In this guide, you will get 2532. Time to Cross a Bridge LeetCode Solution with the best time and space complexity. The solution to Time to Cross a Bridge problem is provided in various programming languages like C++, Java, and Python. This will be helpful for you if you are preparing for placements, hackathons, interviews, or practice purposes. The solutions provided here are very easy to follow and include detailed explanations.
There are k workers who want to move n boxes from the right (old) warehouse to the left (new) warehouse. You are given the two integers n and k, and a 2D integer array time of size k x 4 where time[i] = [righti, picki, lefti, puti].
The warehouses are separated by a river and connected by a bridge. Initially, all k workers are waiting on the left side of the bridge. To move the boxes, the ith worker can do the following:
Cross the bridge to the right side in righti minutes.
Pick a box from the right warehouse in picki minutes.
Cross the bridge to the left side in lefti minutes.
Put the box into the left warehouse in puti minutes.
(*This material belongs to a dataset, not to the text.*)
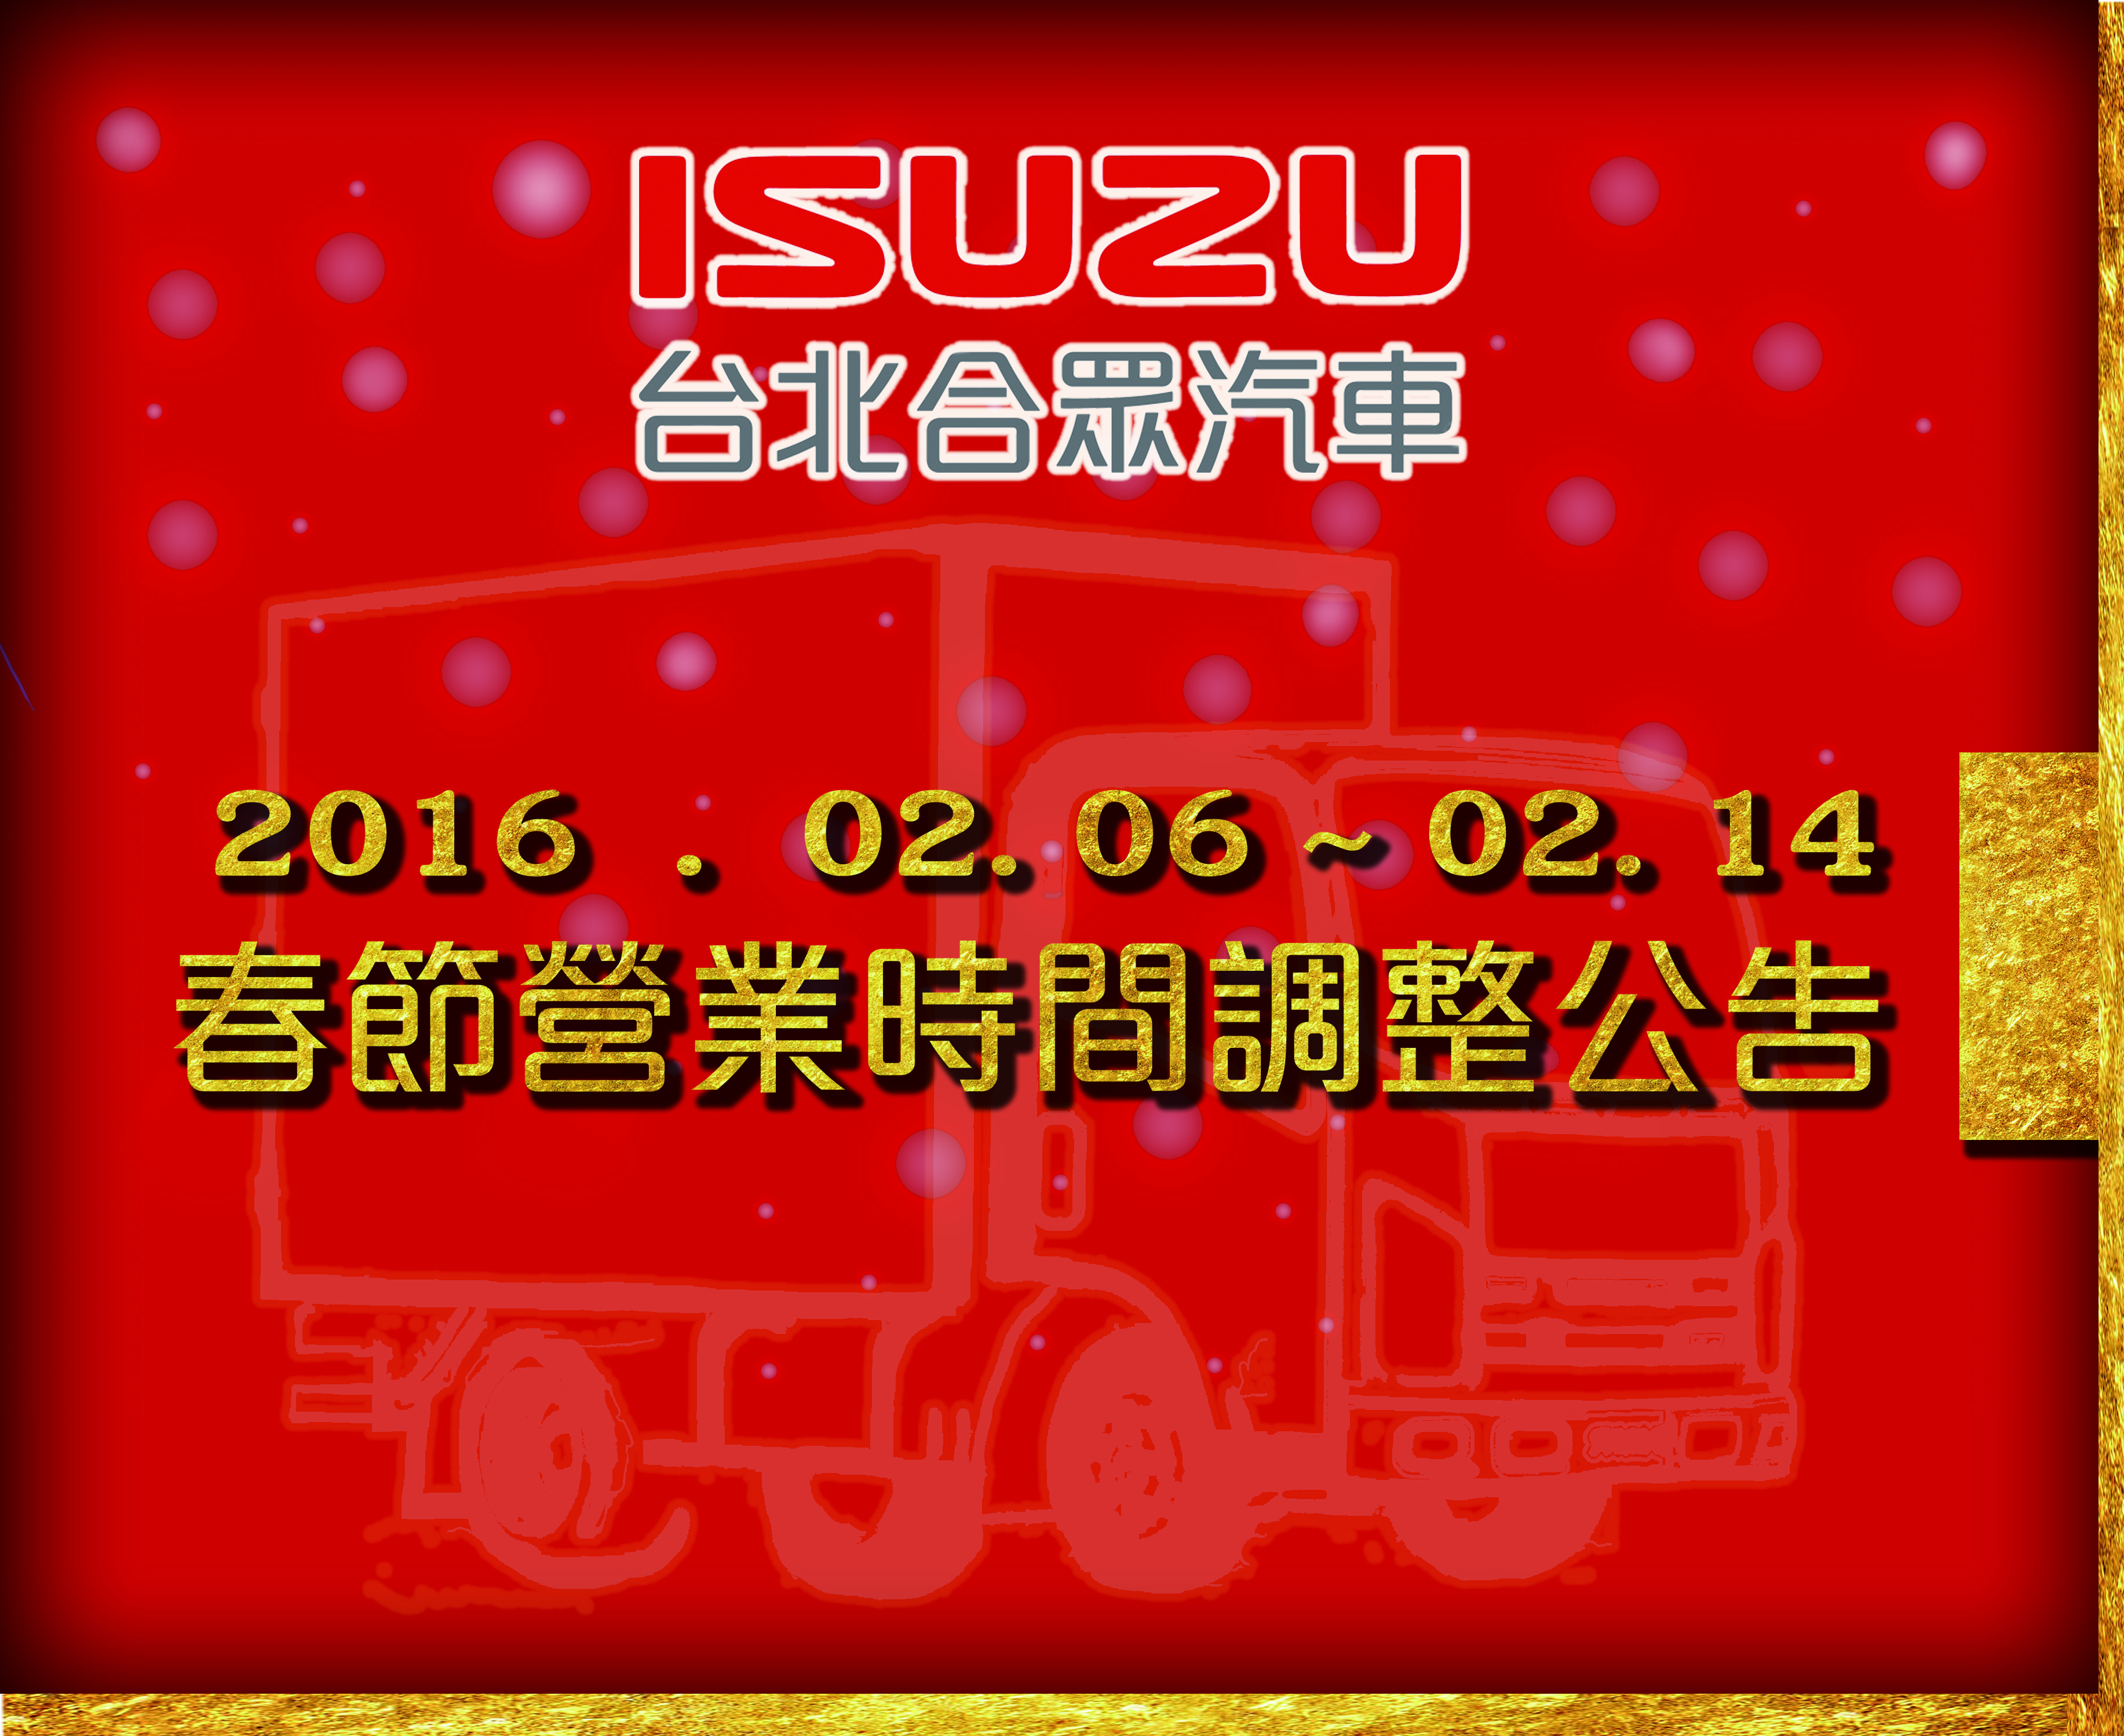 whatsnew | ISUZU - 台北合眾汽車有限公司

The ith worker is less efficient than the jth worker if either condition is met:
lefti + righti > leftj + rightj
lefti + righti == leftj + rightj and i > j
The following rules regulate the movement of the workers through the bridge:
Only one worker can use the bridge at a time.
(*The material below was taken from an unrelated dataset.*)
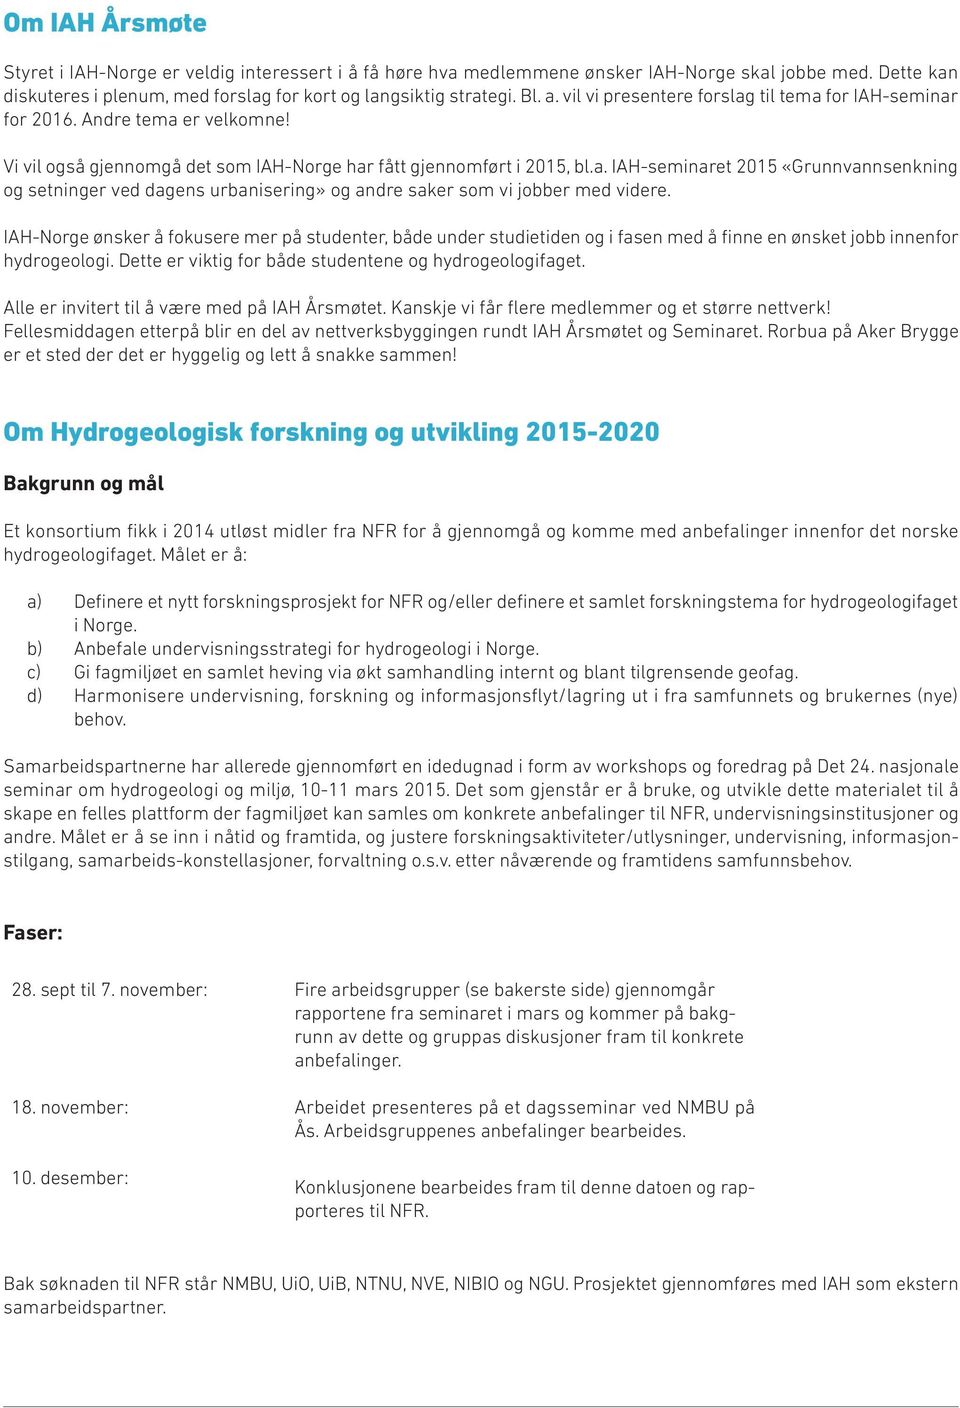 IAH-Norge ønsker å fokusere mer på studenter, både under studietiden og i fasen med å finne en ønsket jobb innenfor hydrogeologi. Dette er viktig for både studentene og hydrogeologifaget.

When the bridge is unused prioritize the least efficient worker (who have picked up the box) on the right side to cross. If not, prioritize the least efficient worker on the left side to cross.
If enough workers have already been dispatched from the left side to pick up all the remaining boxes, no more workers will be sent from the left side.
Return the elapsed minutes at which the last box reaches the left side of the bridge.
Example 1:
Input: n = 1, k = 3, time = [[1,1,2,1],[1,1,3,1],[1,1,4,1]]
Output: 6
Explanation:
From 0 to 1 minutes: worker 2 crosses the bridge to the right.
From 1 to 2 minutes: worker 2 picks up a box from the right warehouse.
From 2 to 6 minutes: worker 2 crosses the bridge to the left.
From 6 to 7 minutes: worker 2 puts a box at the left warehouse.
The whole process ends after 7 minutes. We return 6 because the problem asks for the instance of time at which the last worker reaches the left side of the bridge.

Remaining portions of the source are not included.